Welcome to the Bloomberg Law Podcast. I'm June Grosso. Every day we bring you insight and analysis into the most important legal news of the day. You can find more episodes of the Bloomberg Law Podcast on Apple Podcasts, SoundCloud, and on Bloomberg dot com slash podcasts. On Thursday, Speaker Nancy Pelosi said the House will draft articles of impeachment against President Donald Trump for abusing his office in a
profound violation of the public trust. This followed a day of testimony from four constitutional law professors about whether Trump's conduct regarding Ukraine meets the definition of high crimes and misdemeanors required by the Constitution for impeachable offenses. Harvard law professor Noah Feldman and the two other professors called by the Democrats said Trump has committed impeachable offenses, while George Washington University law professor Jonathan Turley said he has not.
Soliciting the leader of a foreign government in order to announce investigations of political rivals and perform those investigations would constitute a high crime and misdemeanor. The problem is not that abusive power can never be an impeachable offense. You just have to prove it and you haven't. Join me is Leo Littman, a professor of constitutional law at the University of Michigan Law School. Leo, what stood out to you in the many hours of testimony? I think a
few things stood out from the testimony. The first is many of them were actually all of them were careful to underscore that something can be impeachable even though it does not violate the criminal statute. Even Professor Turley, who was the expert called by the Republicans, conceded that point and has previously written about that same conclusion.

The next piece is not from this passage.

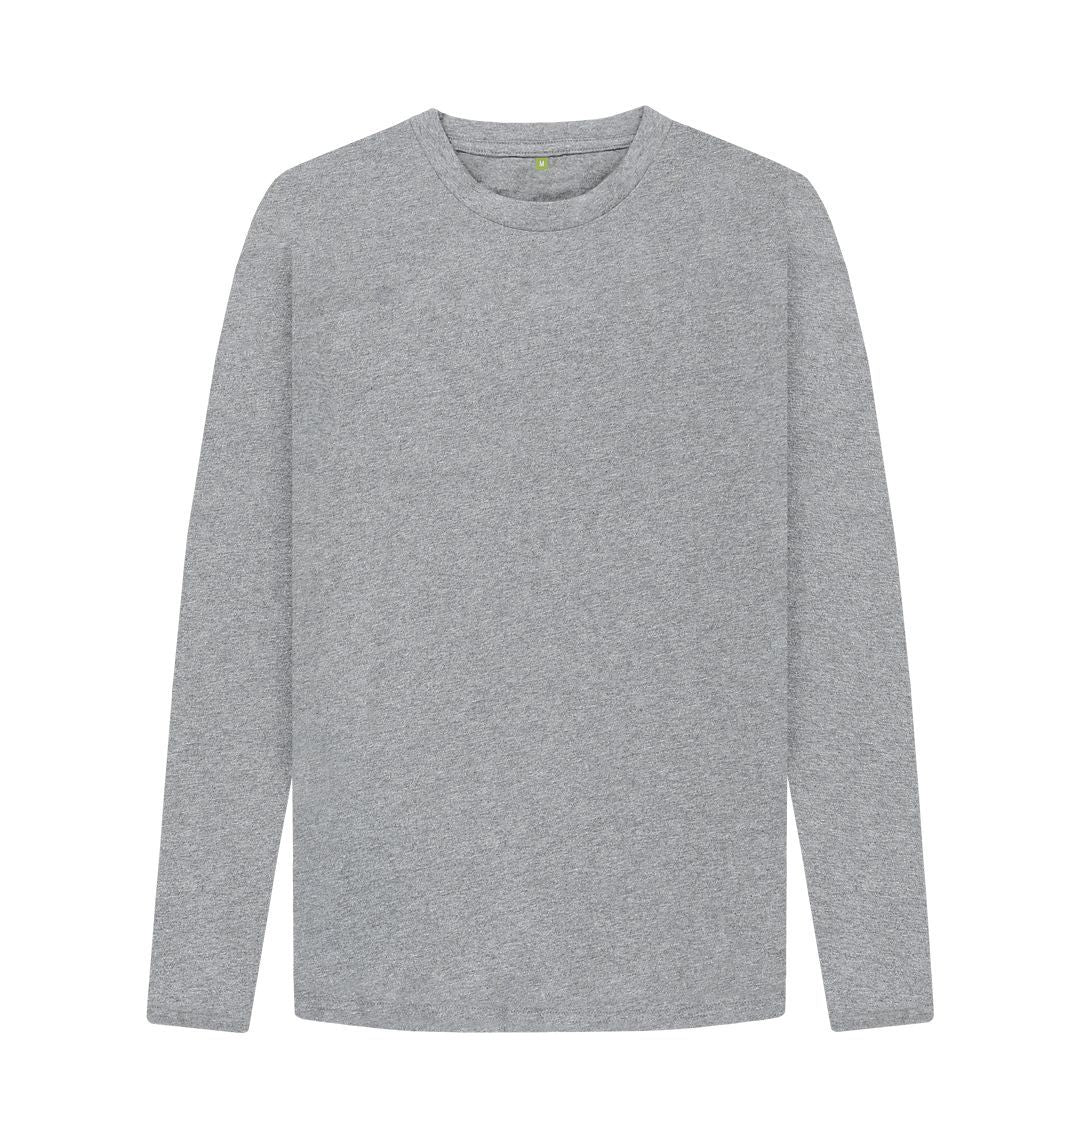 Athletic Grey Men's organic cotton long sleeve t-shirt

So that's the first important thing that stood out to me, is the unanimity among the experts that something can be impeachable
even though it doesn't violate a federal criminal statue. The second thing that stood out to me was the emphasis that several of the experts placed on how important impeachment can be when the alleged impeachable offense pertains to the integrity of elections, because in that scenario, relying on elections as a solution to presidential misconduct is not going to
address the problem. And I think several of the experts testified about how impeachment is in the Constitution, partially because the people who wrote the Constitution didn't believe that elections would be sufficient in order to address abuses of office. But then some of their specific testimony focused on the importance of elections and the importance of congressional oversight as a mechanism of checking abuses of office as well. So Jonathan Turley basically said, it's a rush to judgment here.

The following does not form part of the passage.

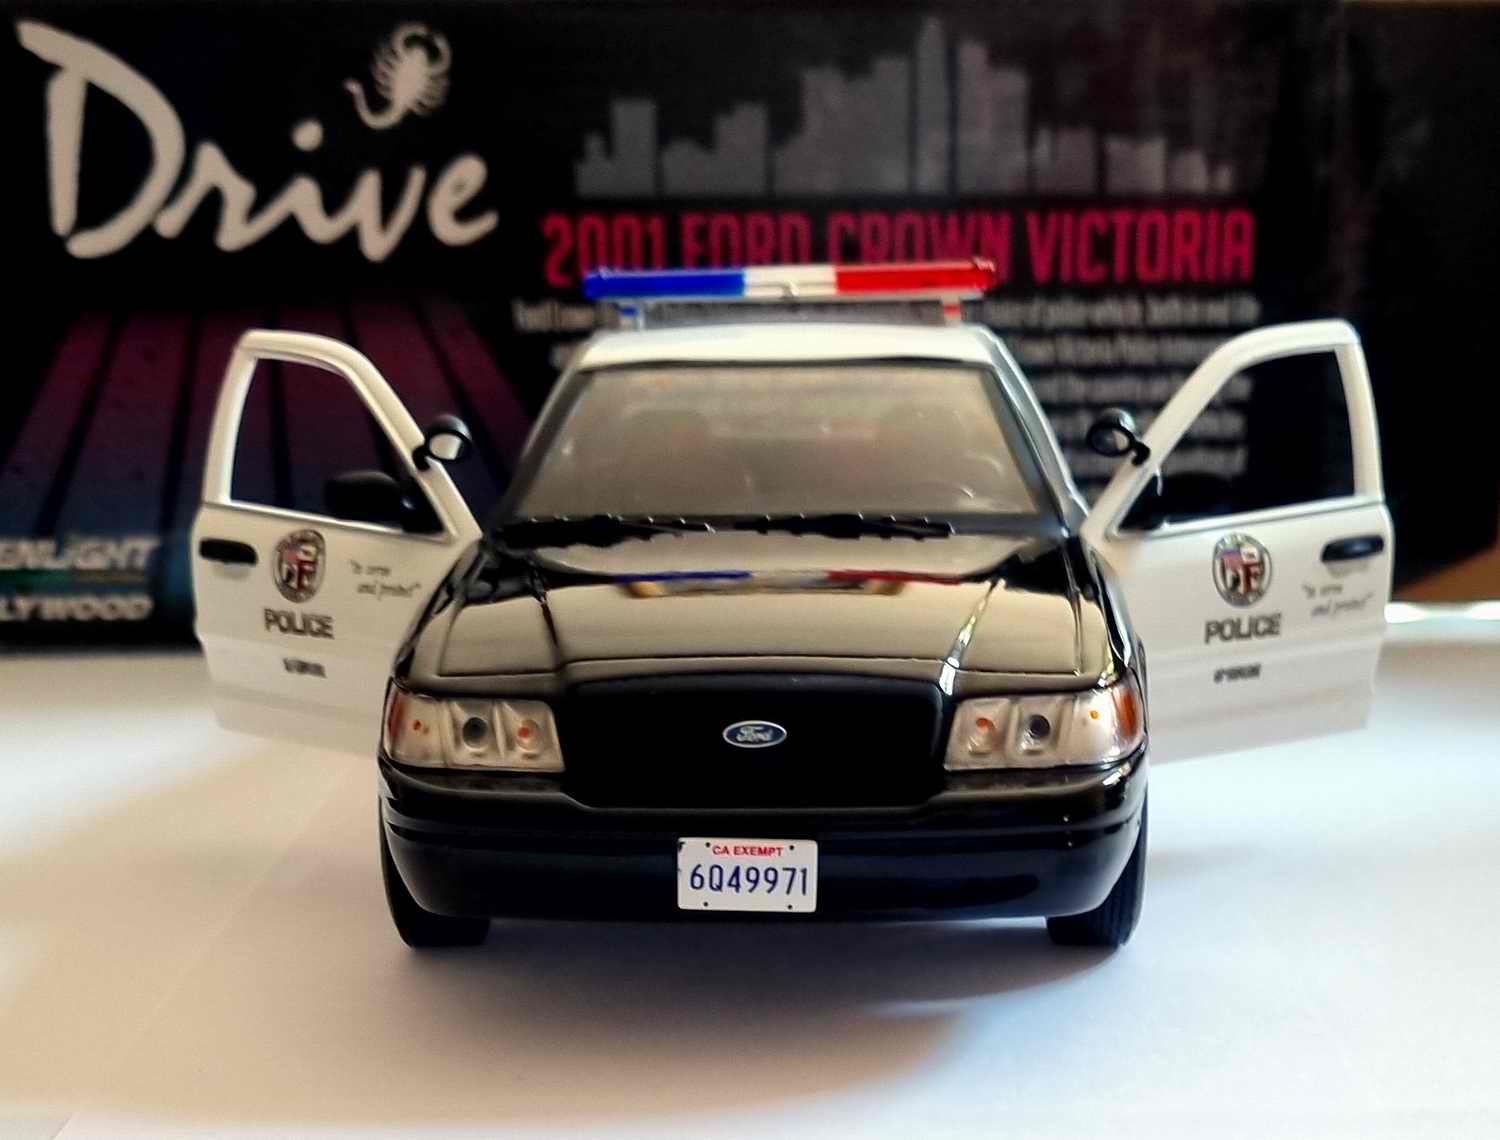 Voiture FORD Crown Victoria Interceptor 2001 LAPD LOS ANGELES POLICE DEPARTMENT Du Film DRIVE 1/24

There's not enough evidence. You should take more time. Is that actually advisable considering that some of the most important witnesses, it seems, have not been called by the Democrats because they've been blocked by President Trump. I think that's part of why Professor Turley's suggestion and criticism of the impeachment
process is not particularly persuasive. Versus even setting aside the fact that the president has forbidden certain people from testifying, or at least attempted to forbid them from testifying, the reality is that even without these additional witnesses, there's no
serious dispute about what happened. There's more than enough evidence, particularly given that the president's chief of staff mcildaney and his personal lawyer have all repeatedly conceded that yes, President Trump held up aid because he wanted this announcement into an investigation into Joe Biden's son, or because he wanted Ukraine to make an announcement into the interference to the election.
So the relevant facts aren't really in dispute, and that's part of why this additional time and additional witnesses isn't
really needed. Yes, you could have a more perfect process if you could have more witnesses, but the question is whether that's necessary given what we already know, and when you have the relevant actors conceding that the pertinent events took place, there's just not a ton of point in having additional witnesses testify to that second is exactly what you stated, namely that the Democrats could try to get additional witnesses to testify, but these witnesses are refusing to
do so, pointing to the President and White House directives that they need not as a reason not to testify. And so if the Democrats attempt to get these witnesses to testify, that could take months, years and span well past the election. Given that the alleged conduct again pertains
to the integrity of our elections. I think there is a really serious concern learn about allowing this to continue up until and through elections, and all of those concerns really mitigate against the criticism that Professor Turley made of the Democrats proceedings. So the Judiciary Chairman Jerry Nadler indicated that the panel was moving toward at least three articles
of impeachment, abuse of power, bribery, and obstruction. Does it seem as if there's more difficulty even for the constitutional scholars to explain the bribery. You know, none of the individuals that they called to testify were criminal law experts in particular. However, all of them agree that in as a sense can be impeachable even if it does not violate a criminal statute, and so I think that they're relevant expertise did give them helpful insight into what might
constitute the impeachable offense of bribery. Professor Gerhardt in particular is a scholar of impeachment, and so he has studied about what that word means in the context of the impeachment clause. In particular, Tam Carlin is, you know, probably one of the most, if the not most renowned election law and voting rights scholar of our generation. And so she has a lot of insight into what would count as impermissible interference or a demand for interference into an
election um that would raise concerns about bribery UM. Similarly, Professor Noah Feldman is an expert in constitutional interpretation and constitutional law, and again, given the unanimous agreement among the experts that something can be impeachable even if it does not violate a criminal statute, their expertise in constitutional law, impeachment, election law, and constitutional interpretation I think gave them important insight into what would constitute bribery as far as an
impeachable offense. Leah, How important is the way the articles of impeachment are drafted? Can bead draft doing cause a problem down the road? I think it depends on what anyone is hoping to get out of the articles of impeachment. The unfortunate reality is the Republican Senate and the Republican House seem impervious to persuasion on anything related to impeachment.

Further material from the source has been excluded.